Template C16.03 Operational Risk Breakdown.

The breakdown of the total losses, expenses, provisions and other financial impacts resulting from operational risk events will be difficult to report because their breakdown is based on cost accounting and cannot be read directly in Finrep. 

It has to be underlined that operational risk losses are not segregated nor in accounting or in Finrep while they are monitored in a dedicated workflow as per regulatory requirements. 

This means in particular that for a given loss of an operational event the list of the impacted accounting aggregates and the corresponding sub-amounts are not known.

 

Template C.17.01 and C.17.02 on operational losses

Our understanding is that losses will no longer be grouped as it is currently being done. Can you please elucidate the rationale behind this change (as a grouped approach do not hinder institutions to provide the impacts of operational events for the respective year)?

 

Derogation for some subsidiary to calculate ILDC on individual basis.

According to 314 2.a. of the CRR institutions can request permission until 31 December 2027 to calculate a separate interest, lease and dividend component for specific subsidiary institutions and sum the outcome of this calculation with the ILDC calculated on a consolidated basis. Once granted, the permission shall be reassessed by the consolidating supervisor every two years. In addition, CRR 3 stipulates that by 31 December 2031, EBA shall report to the Commission on the use and appropriateness of this derogation.

We understand that the permission granted is until December 31, 2027, and that we can apply to renew the derogation every two years until the date of December 31, 2031. Could you please confirm our point of view?

 

Question 2: Do the respondents identify any discrepancies between these templates and instructions and the calculation of the requirements set out in the underlying regulation?

Use of clean price approach and TB/BB reclassification – template C 16.02

Regarding the determination of the ILDC component and the Financial Component, it appears that institutions using the so called “clean price” to produce the Finrep reporting might be penalized compared to institutions using the “dirty price” approach. 

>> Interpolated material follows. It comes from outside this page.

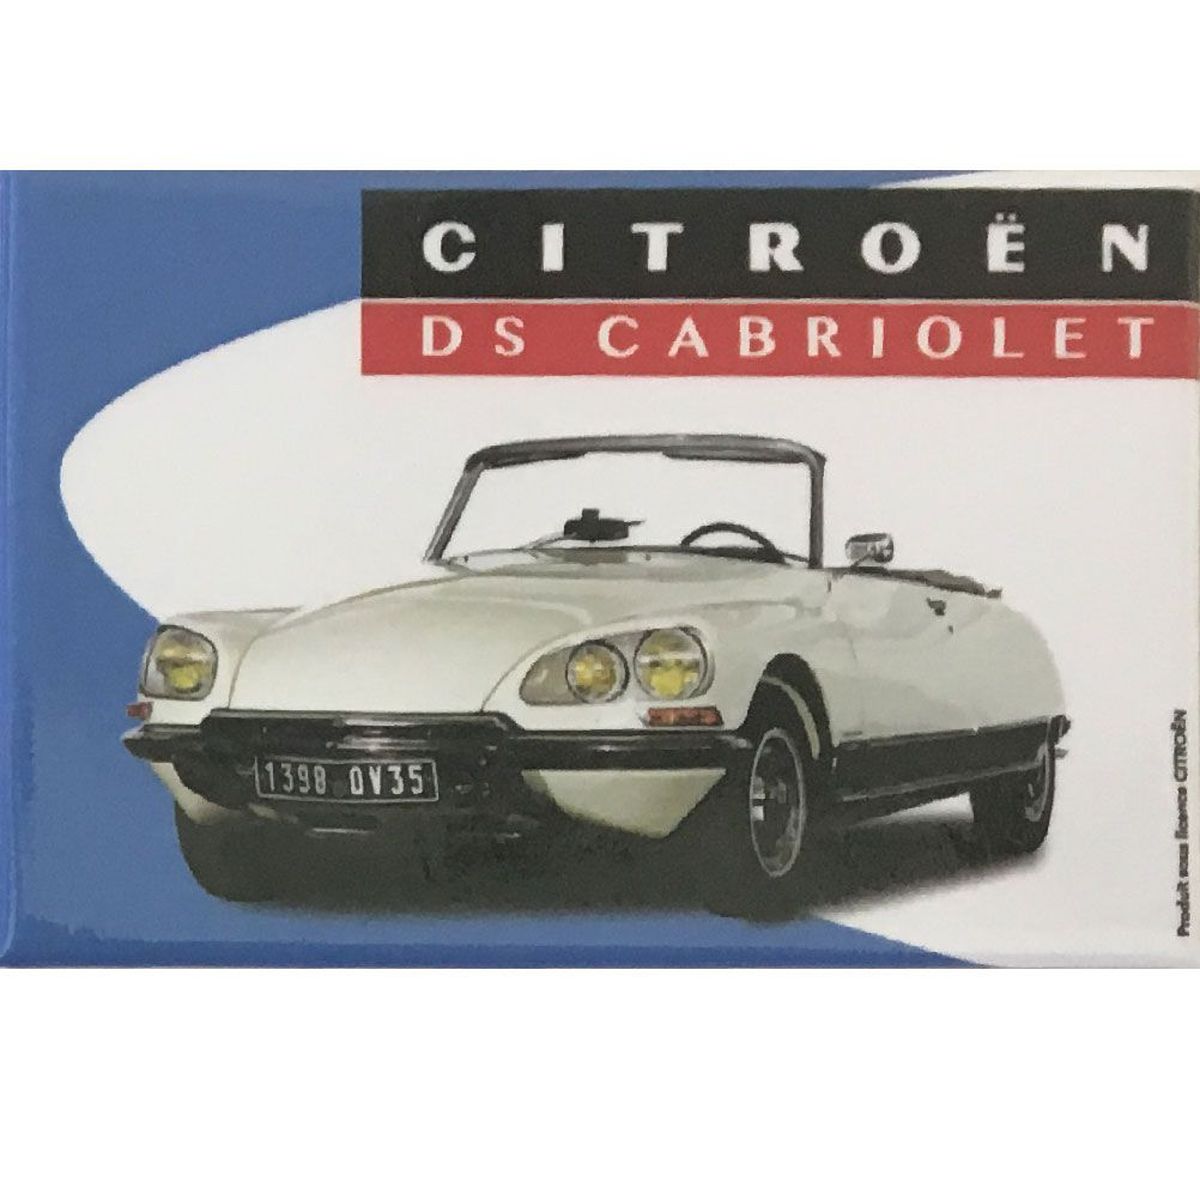 Magnet Citron DS Cabriolet - 7.9 x 5.4 cm

As a reminder the clean and dirty price approaches are detailed in Instructions for Finrep reporting (Annex 5) as detailed bellow:

“Interest income and interest expense from financial instruments measured at fair value through profit or loss and from hedging derivatives classified in the category ‘hedge accounting’ shall be reported either separately from other gains and losses under items interest income’ and ‘interest expense’ (‘clean price’) or as part of gains or losses from these categories of instruments (‘dirty price’) (...) 

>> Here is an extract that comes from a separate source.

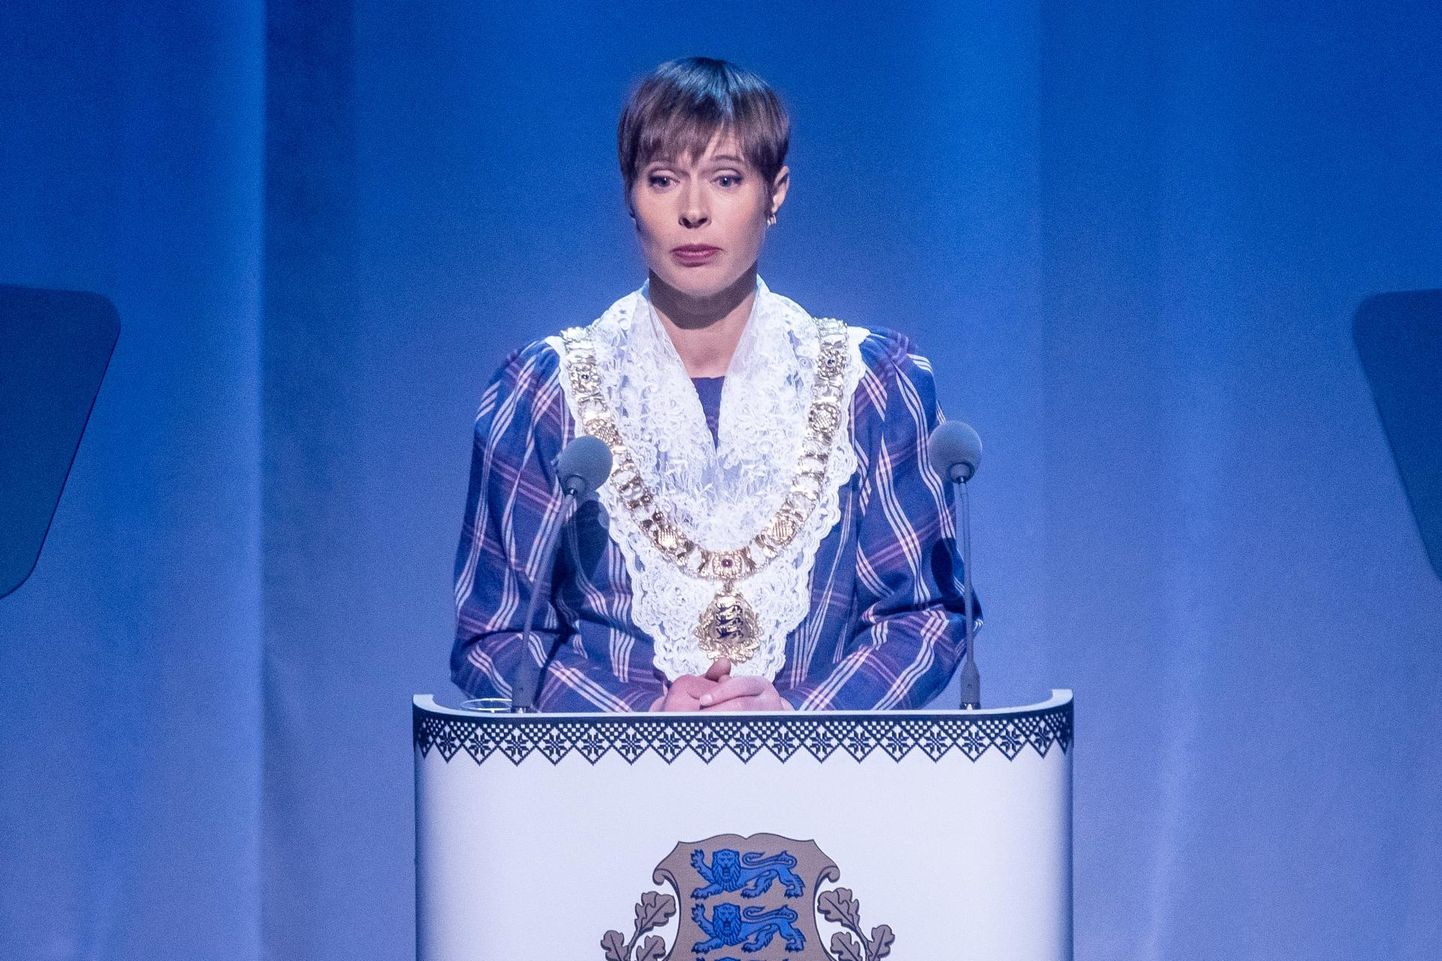 Eesti Vabariigi president Kersti Kaljulaid jõudis aastapäevakõnes puudutada pea kõiki Eesti ühiskonna aktuaalsemaid probleeme.

‘Interest income. Financial assets held for trading’ and ‘Interest expenses. Financial liabilities held for trading’ shall include, where the clean price is used, the amounts related to those derivatives classified in the category ‘held for trading’ which are hedging instruments from an economic but not accounting point of view to present correct interest income and expenses from the financial instruments that are hedged (...) 

Dividend income on equity instruments measured at fair value through profit or loss shall be reported either as ‘dividend income’ separately from other gains and losses from those classes of instruments where the clean price is used, or as part of gains or losses from those classes of instruments where the dirty price is used”. 

 

Institutions using the clean price approach reclassify interest income & expenses and dividend incomes from gains and losses from instruments held for trading or instruments designated at fair value through profit or loss to interest incomes & expenses and dividend income within F02.00. This does not constitute an accounting choice or method. These reclassifications are made for Finrep reporting purpose only. 

 

However, in a situation where the P&L of the trading book of an institution would be negative, this reclassification would result to: i) deepen the loss of the P&L of the trading book and ii) increase the amounts of dividend incomes (as for example dividend revenues stemming from equity instruments measured at FV would be reclassified in dividend income). 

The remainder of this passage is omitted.